И когда я пошел за кулисы, Борис шесть раз возвращал меня на поклон, и я кланялся и «лепил корючки»: то кланялся, как прима из «Лебединого озера», а то как дамский любимчик тенор, а то приветствовал народ, как начальник главка, и они все хлопали, и под конец я просто снял парик и гуммоз с носа и поклонился очень серьезно, от души. И тут мы с ними совсем подружились, и когда я прошел за кулисы, я увидел эту старую занавеску и вытер об нее мокрые руки, и она дружелюбно висела на моем плече, старая, уютная, знакомая…
— Сколько лет я тебя знаю? — сказал Жек. — Двадцать?
— Да, — сказал я, — прилично…
— Иди размазывайся, — сказал Борис, — порядок.
— Не могу привыкнуть, — сказал Жек, — двадцать лет смотрю, всегда смеюсь, как маленький…
— Колдун, — сказал Борис, — вся порода такая.
— Буфет работает? — спросил я.
— Работает. Только нету. Запретили.
— Для меня-то? — сказал я.
— Думаешь, ему выпить хочется? — сказал Жек. — Ничего подобного! Он это для виду. На самом деле ему повидаться хочется. «Знать, забило сердечко тревогу», — и он приложил палец к щеке и подперся, изображая хор Пятницкого.
— Ну, она-то на месте, — сказал Борис, — куда она денется. Поспеешь к своей Сикстинке.
— А вы, ребята, балабоны, — сказал я, — скоморохи вы, чтоб вас черти взяли… Пойду разденусь.
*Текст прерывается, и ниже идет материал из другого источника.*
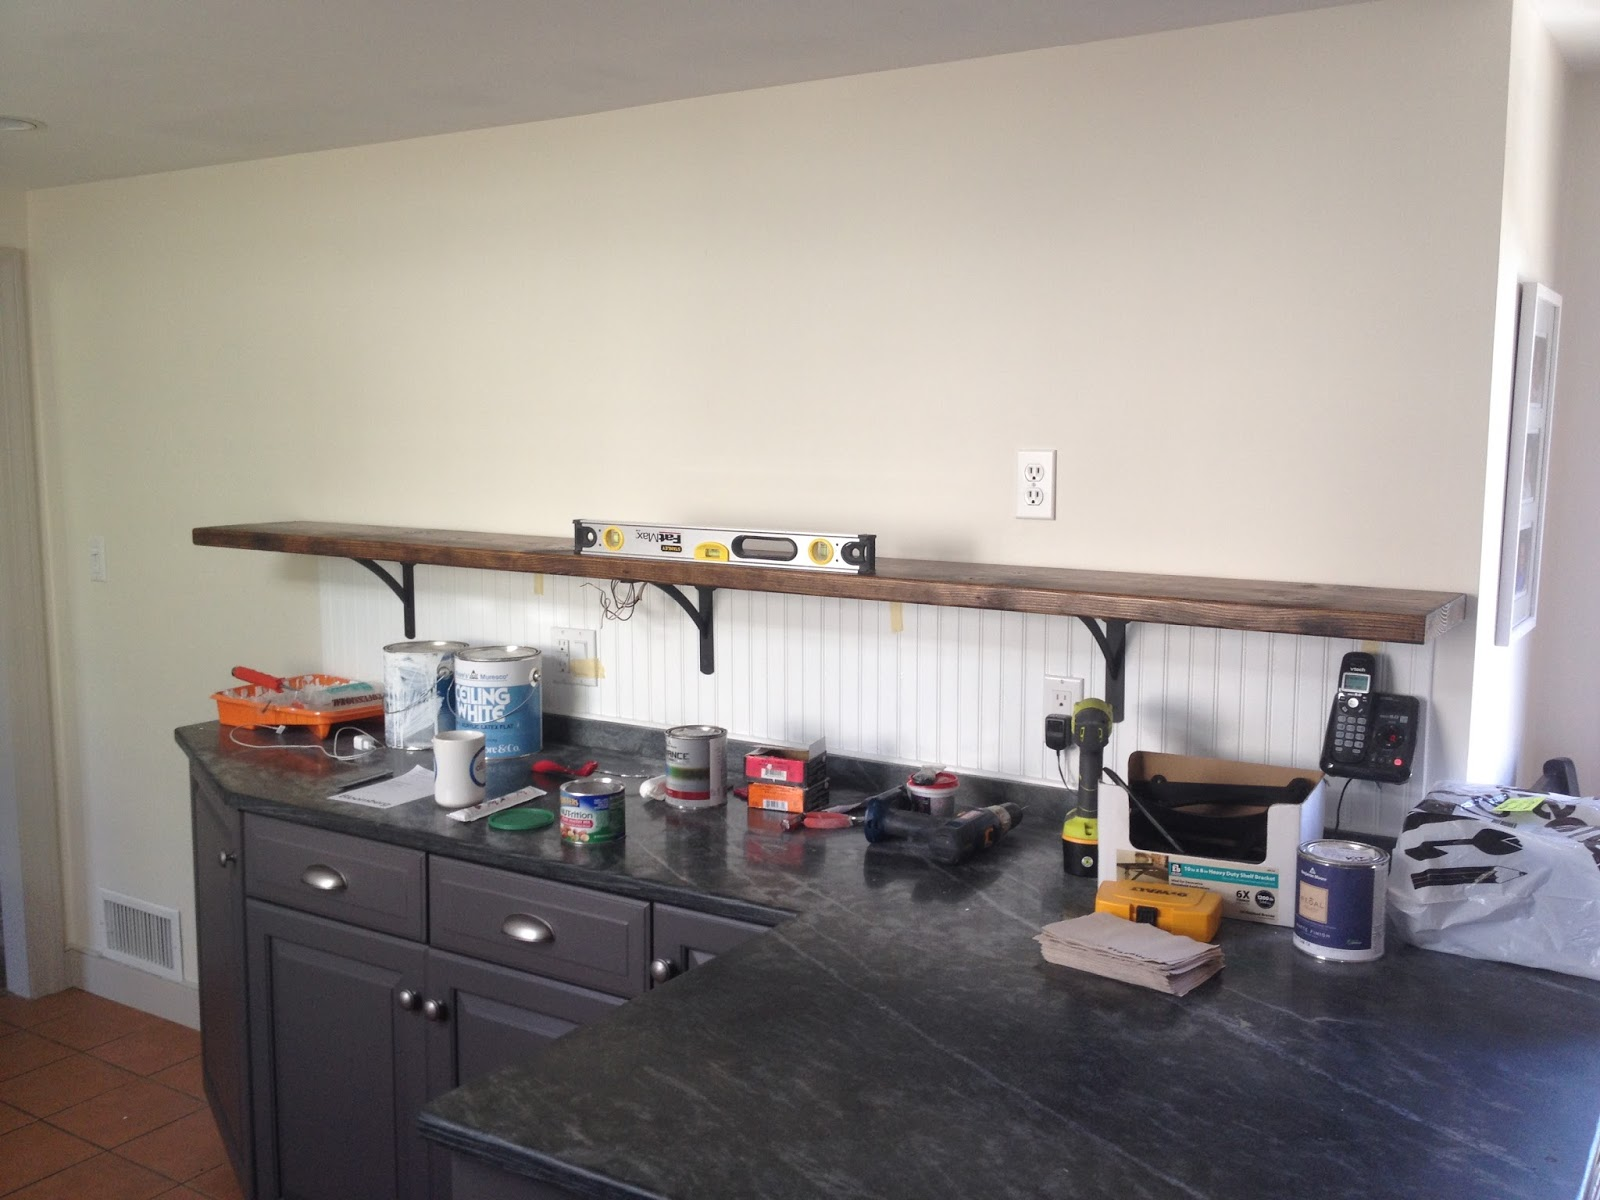 installing first shelf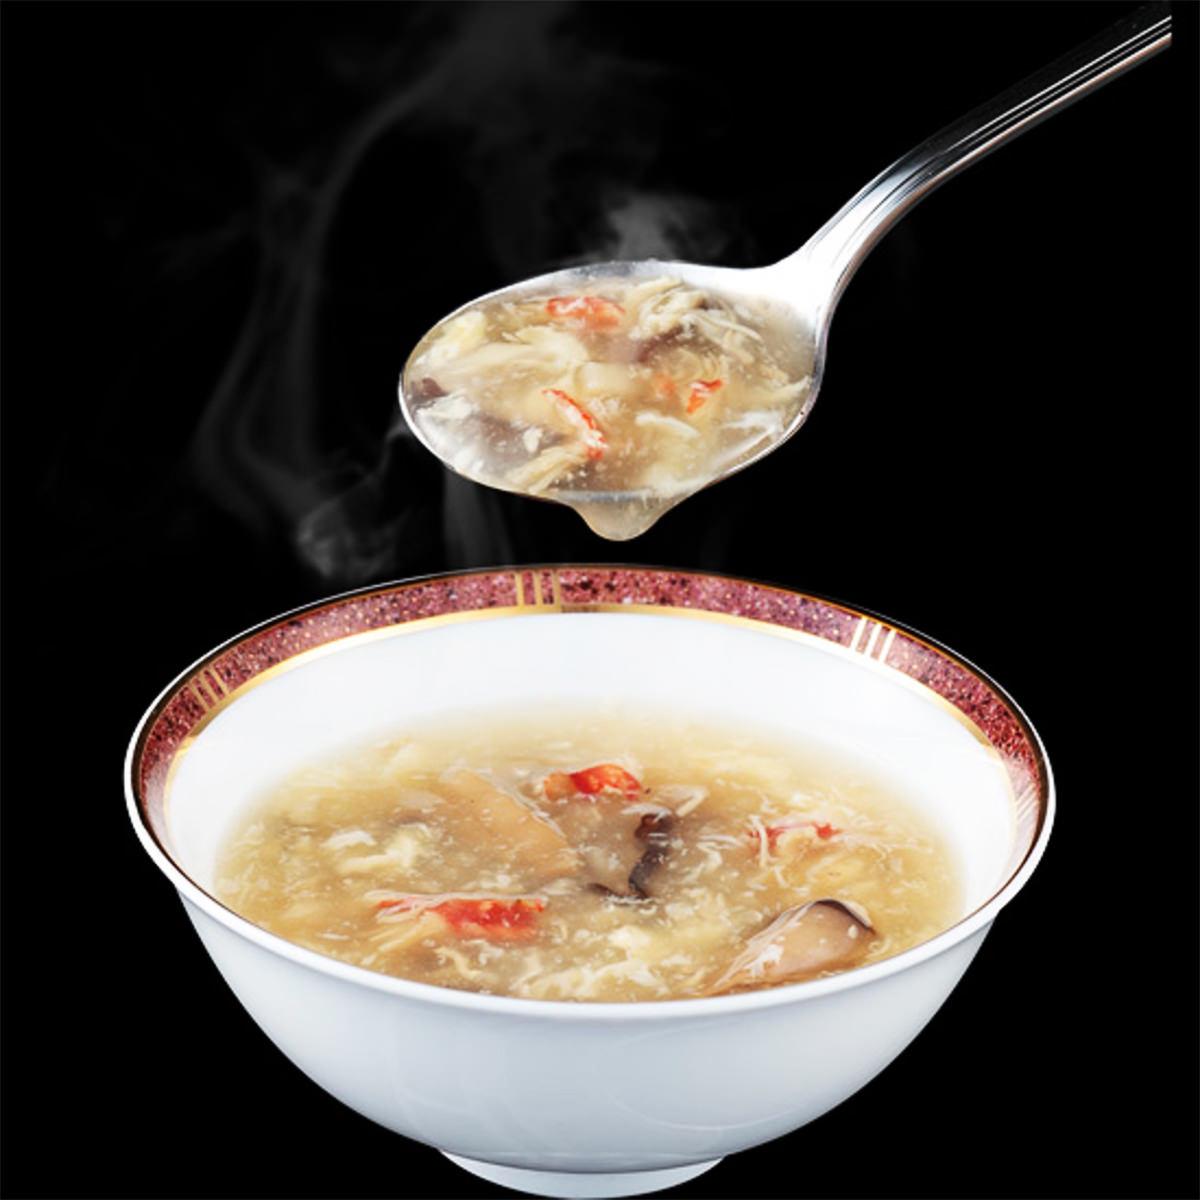 海鮮スープ カニスープ 海洋性コラーゲン配合 ご当地グルメ お取り寄せグルメ 濃縮ずわいがにスープ 2袋入20箱 スープ 惣菜 ずわいがに 70%OFFアウトレット カニ コラーゲン 買い取り 濃厚 簡単 蟹 海鮮 雑炊の素 濃縮タイプ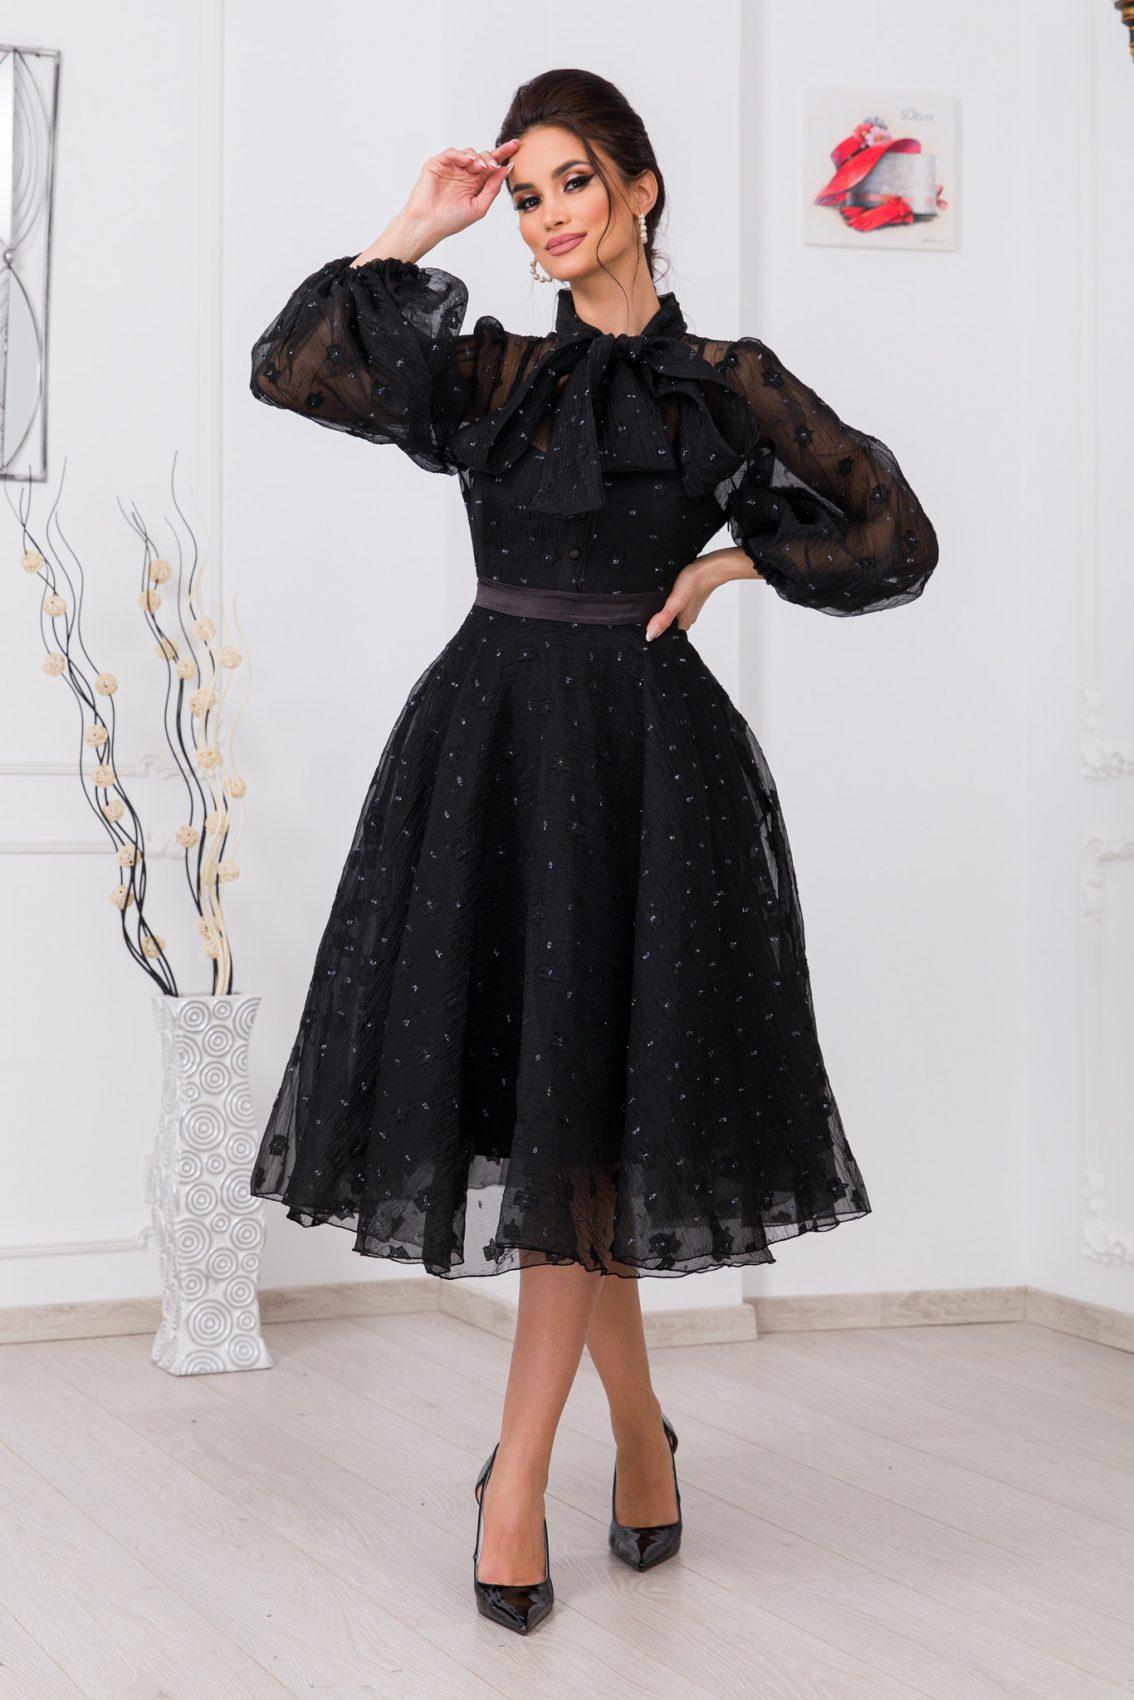 Μαύρο Φόρεμα Με Φουσκωτά Μανίκια Charming 9741 1

Они остались у репертуарной доски и смотрели мне вслед, и я шел, стуча своими длинными башмаками, и они, вероятно, смеялись мне вдогонку. И я слышал, как Жек крикнул мне не без яда:
— Ромео Джульетыч!
Но все это мне было совершенно безразлично. Главное было позади. Я отработал. Дал, что мог. И не впустую, нет, они смеялись. Если так будет всегда, то жить можно. СтОит.
3
Честно говоря, я немного устал. Просто физически. Наломался очень. Я вошел к себе в гардеробную и на гвоздиках, вбитых в стену, распялил вывернутый наизнанку и совершенно мокрый парик. Я снял с себя ботинки, пиджак, брюки, рубашку и трусы. Вот еще одно преимущество собственной гардеробной. Можно посидеть голяком после работы, а это кое-что да значит. Потом я подсел к зеркалу и размазался. Синие пятна на моем лице опять выступили наружу. Они не украшали меня, нет. Ну что ж, какой есть. Я надел халат, взял свежие трусы, махровую перчатку и пошел в душ. Там были три кабинки, но занята была только одна, в ней стоял под игольчатой сеткой воды какой-то паренек, совершенно незнакомый. На вид ему было не больше пятнадцати лет, тело у него было белое, гладкое, хорошо тренированное, без особо выдающихся мускулов, без этих узлов, наростов и мослов, какие бывают на теле у заслуженных цирковых лошаков. Весил он приблизительно сорок пять — сорок шесть, не больше. Должно быть, верхний, подумал я, оберман. Подкидные доски или что-нибудь другое в этом жанре.
Я прошел мимо него в соседнюю кабинку, он как раз массировал себе левую ногу.
— Здрасте, дядя Коля, — сказал он. — Уже отработали?
Честное слово, я никогда не видел его до сих пор.
— Здравствуй, — сказал я и пустил воду, — а ты чей?
— Винеровский я. Вам слышно? Винер — икарийские игры.
— Слышно, — сказал я, — не надрывайся, слышно. Тебя как звать?
— Славик.
— Что-то я тебя в первый раз вижу…
— Ой, что вы, дядя Коля, это вы меня забыли. Мы с вами вместе в Харькове работали. Я тогда верхнего работал, я маленький был, но прыгучий… Это я теперь вырос, и вы меня не узнали. Теперь я тяжелый стал. Теперь Витька в оберманы вышел, ему десять лет, малыш, самый возраст, а мне уже поздно, мне теперь четырнадцать, теперь я среднего работаю.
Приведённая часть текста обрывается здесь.